There is actually a way to get the best of both worlds with the SCAN [1] class of functions from redis (I guess that's what you mean with the TODO above, do you want to make it a little more precise?)

[1] https://redis.io/commands/scan

SCAN is still O(n), but MGET is bounded by the limit. I think the refactoring is a bit nontrivial but I updated the TODO.

You are right, sounds good!

ericl · 2017-09-06T02:23:17Z

python/ray/experimental/state.py

-                                                       ["ParentTaskID"]]
-                                          ["get_arguments_start"]),
+                        "ts": micros_rel(
+                            parent_profile and


With truncation it's possible we don't have some parent profiles. We are just ignoring them for now.

pcmoritz · 2017-09-06T02:39:05Z

python/ray/experimental/state.py

@@ -419,17 +422,25 @@ def task_profiles(self, start=None, end=None, num_tasks=None, fwd=True):
        task_info = dict()
        event_log_sets = self.redis_client.keys("event_log*")

+        if num_tasks is None:


This code should not be part of the GlobalState API and rather num_tasks should be passed in from the webui

AmplabJenkins · 2017-09-06T02:41:31Z

Merged build finished. Test PASSed.

AmplabJenkins · 2017-09-06T02:41:32Z

Test PASSed.
Refer to this link for build results (access rights to CI server needed):
https://amplab.cs.berkeley.edu/jenkins//job/Ray-PRB/1782/
Test PASSed.

AmplabJenkins · 2017-09-06T03:10:34Z

Merged build finished. Test PASSed.

AmplabJenkins · 2017-09-06T03:10:34Z

Test PASSed.
Refer to this link for build results (access rights to CI server needed):
https://amplab.cs.berkeley.edu/jenkins//job/Ray-PRB/1783/
Test PASSed.

ericl · 2017-09-08T08:41:26Z

Looks like these are broken tests, I'll take a look tomorrow.

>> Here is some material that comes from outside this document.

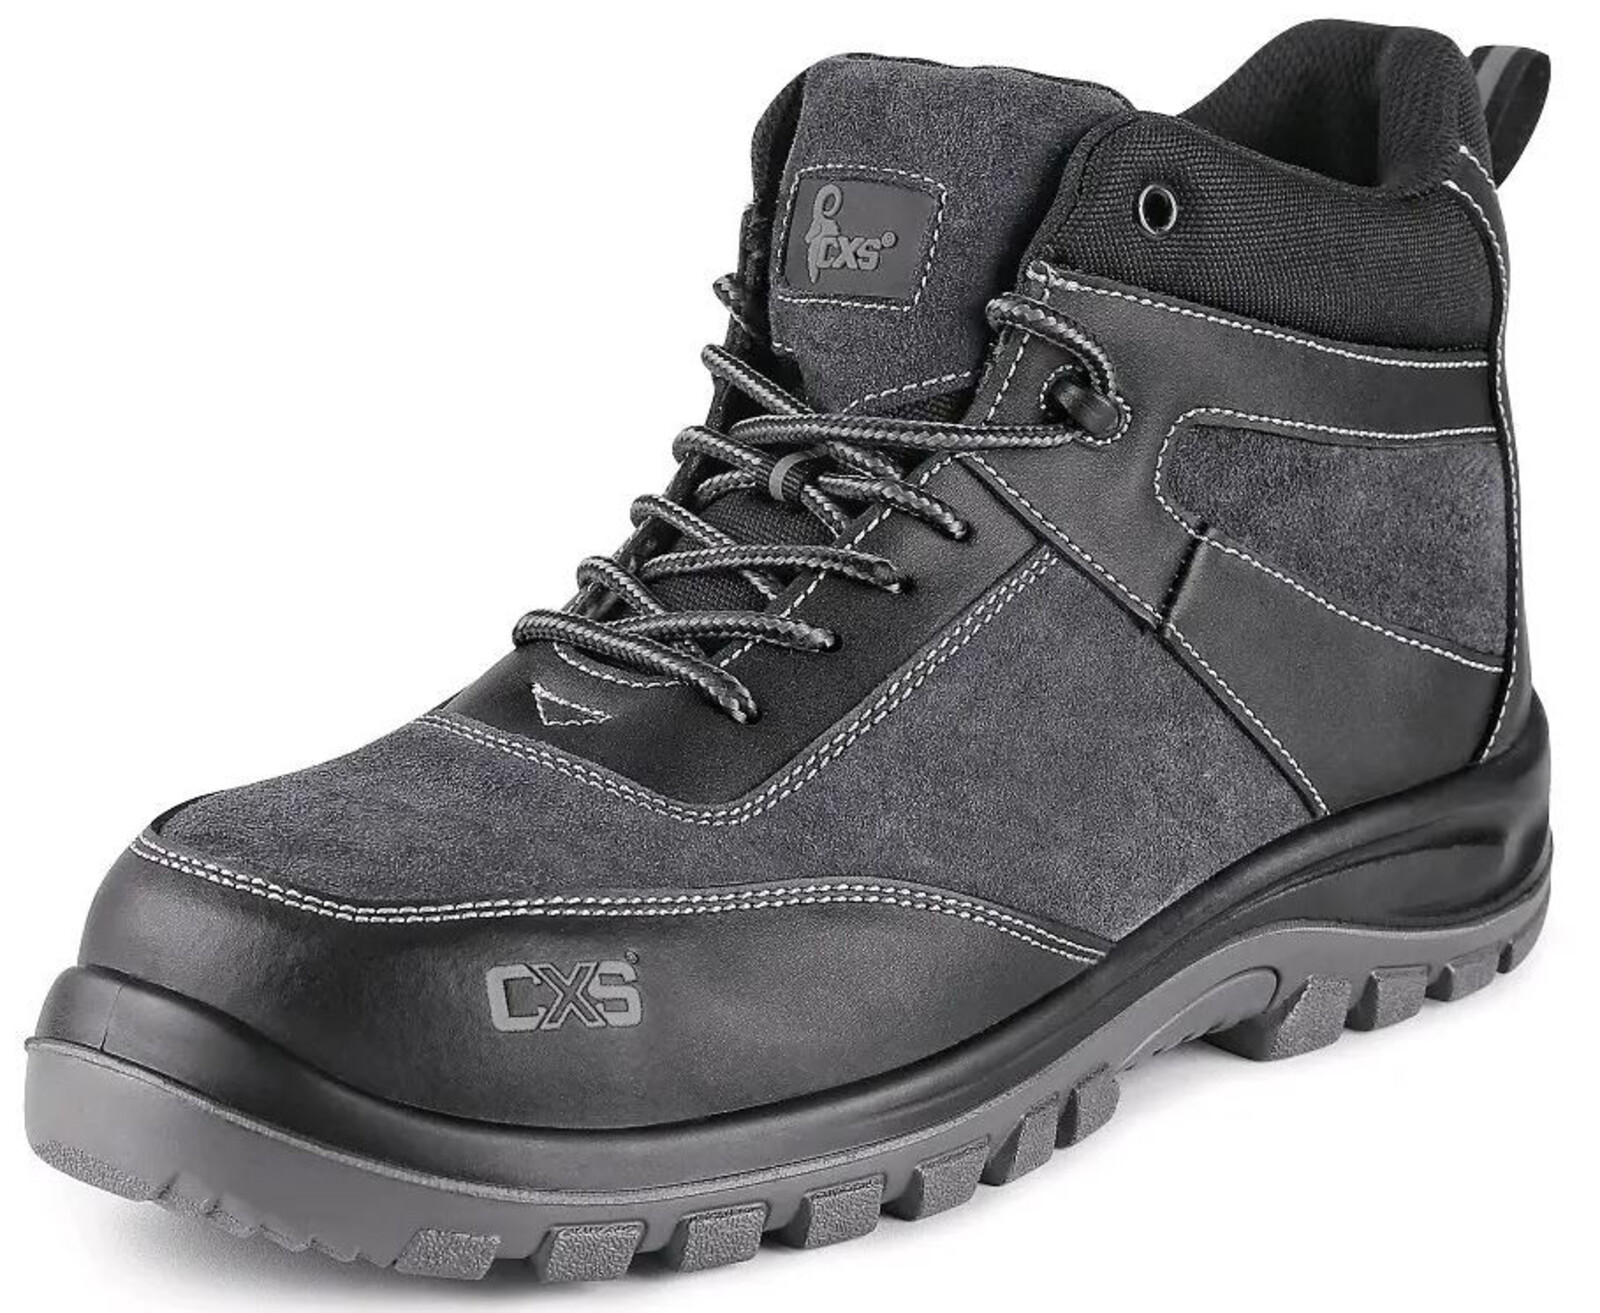 Pracovná členková obuv CXS Profit Win O1 FO SRC - veľkosť: 44, farba: čierna/sivá

AmplabJenkins · 2017-09-08T17:40:44Z

Merged build finished. Test PASSed.

AmplabJenkins · 2017-09-08T17:40:44Z

Test PASSed.
Refer to this link for build results (access rights to CI server needed):
https://amplab.cs.berkeley.edu/jenkins//job/Ray-PRB/1796/
Test PASSed.

AmplabJenkins · 2017-09-09T04:16:25Z

Merged build finished. Test PASSed.

AmplabJenkins · 2017-09-09T04:16:26Z

Test PASSed.
Refer to this link for build results (access rights to CI server needed):
https://amplab.cs.berkeley.edu/jenkins//job/Ray-PRB/1800/
Test PASSed.

ericl · 2017-09-10T05:20:53Z

@pcmoritz looks like tests are passing. One of the travis builds was cancelled but I don't see failures.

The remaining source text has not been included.